Low-dose Computed Tomography (CT) is widely used for detection of pulmonary nodules, but the ambiguous risk evaluation often causes overdiagnosis and radioactivity. To this end, researchers have made efforts all the time in seeking blood markers for early diagnosis of lung cancer, with the most intensively investigated biomarkers including squamous cell carcinoma antigen (SCC-Ag), cytokeratin 19 fragment (CYFRA 21–1), carcinoembryonic antigen (CEA), and neuron-specific enolase (NSE) (Hu et al. 2023). Regretfully, the low sensitivity decreases the performances of those biomarkers. With the increased research focusing on the field of epigenetics, which regulates gene expression without altering the DNA sequence, its crucial roles in the diagnosis of lung cancer have been largely uncovered. DNA methylation is a well-known epigenetic alteration that involves the covalent addition of a methyl group to the cytosine residue of CpG dinucleotides, leading to transcriptional repression (Ansari et al. 2016). In lung cancer, several studies have published their data to support the potentially high values of gene methylation in the early diagnosis of lung cancer using the circulating free DNA (cfDNA) samples. For instance, Hu et al. (2023) developed a “7-DMR model” (7 differentially methylated genes (HOXB4, HOXA7, HOXD8, ITGA4, ZNF808, PTGER4, and B3GNTL1) to distinguish lung cancers from benign nodules, achieving the sensitivities of 89%/92%, specificities of 94%/100%, and accuracies of 90%/94% in the discovery cohort and validation cohort. Chen et al. (2020) demonstrated that the combination of CDO1, SOX17, and HOXA7 had the ability in distinguishing the smallest lung nodules among 1.1–2.0 cm (sensitivity 74%; specificity, 93%), while the combination of CDO1, TAC1, and SOX17 was best in tumor sizes < 1.0 cm (sensitivity 71%; specificity, 82%). However, the performance of these models needs to be improved, leaving the combination of gene methylation panel as a problem demanding prompt solution.

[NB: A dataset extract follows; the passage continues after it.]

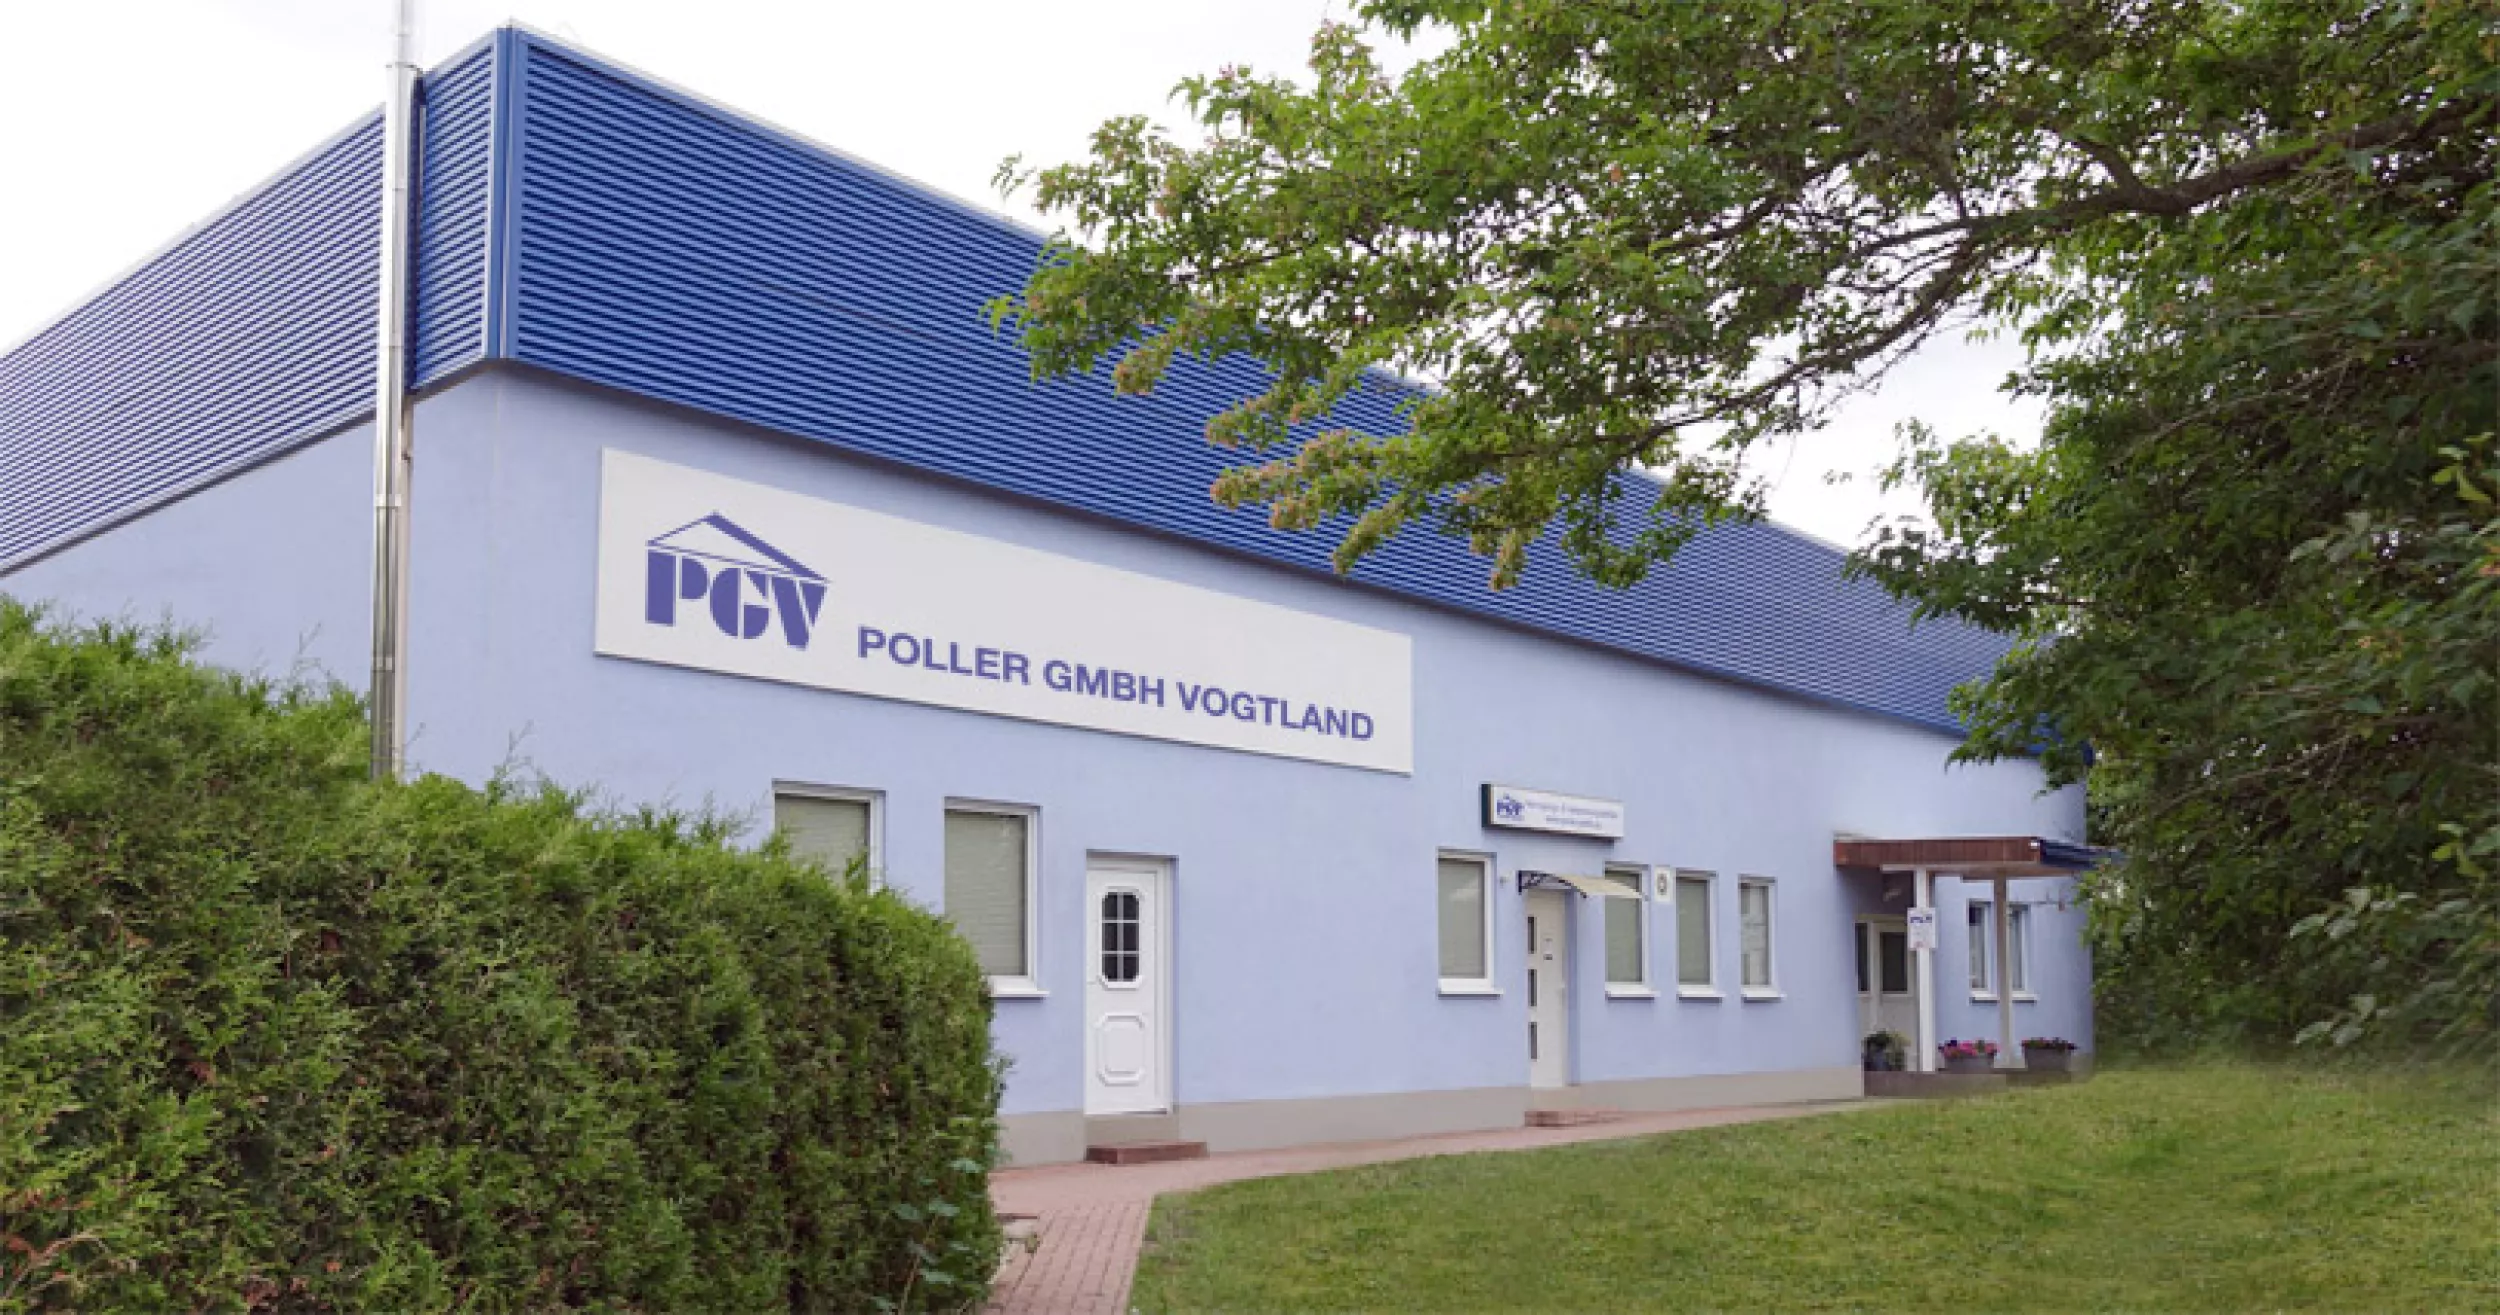 Poller GmbH Vogtland (PGV)

Following a large literature review (Wrangle et al. 2014; Yin et al. 2012; Yang et al. 2019; Li et al. 2020; Chen et al. 2020; Hulbert et al. 2017; Brait et al. 2012; Di Vinci et al. 2012; Hwang et al. 2015; Ooki et al. 2017; Zeng et al. 2019; Zhao et al. 2016; Song et al. 2015), we explored the performance of the DNA methylation of 7 genes including TAC1, CDO1, HOXA9, ZFP42, SOX17, RASSF1A and SHOX2 in the blood cfDNA samples in distinguishing lung cancer from benign nodules and healthy individuals.

Materials and methods

Sample collection

From July 2022 to December 2022, 237 blood samples collected from 237 individuals were included in this study, including 92 patients with mass diseases, 92 patients with ground-glass nodules (GGNs) and 53 healthy individuals. Inclusion criteria: aged > 18 years old; individuals with pulmonary nodule (for mass and GGN individuals); signed the informed consent; Exclusion criteria: combined with other tumors. Lung cancer patients who received any pretreatment therapy, including chemotherapy or radiotherapy, or had a history of other malignancies were not included. All patients received curative-intent resection. The blood sample was obtained from each patient prior to surgery and was immediately processed to isolate plasma. All patients with pathologically confirmed malignant lesions were staged according to the revised TNM guidelines classification criteria (Detterbeck et al. 2017). Patients with lung cancer were included as cancer group, those with histologically benign lesions as the control group. Plasma samples of 49 healthy volunteers were also considered as the control group.

DNA isolation and quantitative multiplex methylation-specific PCR (qMSP)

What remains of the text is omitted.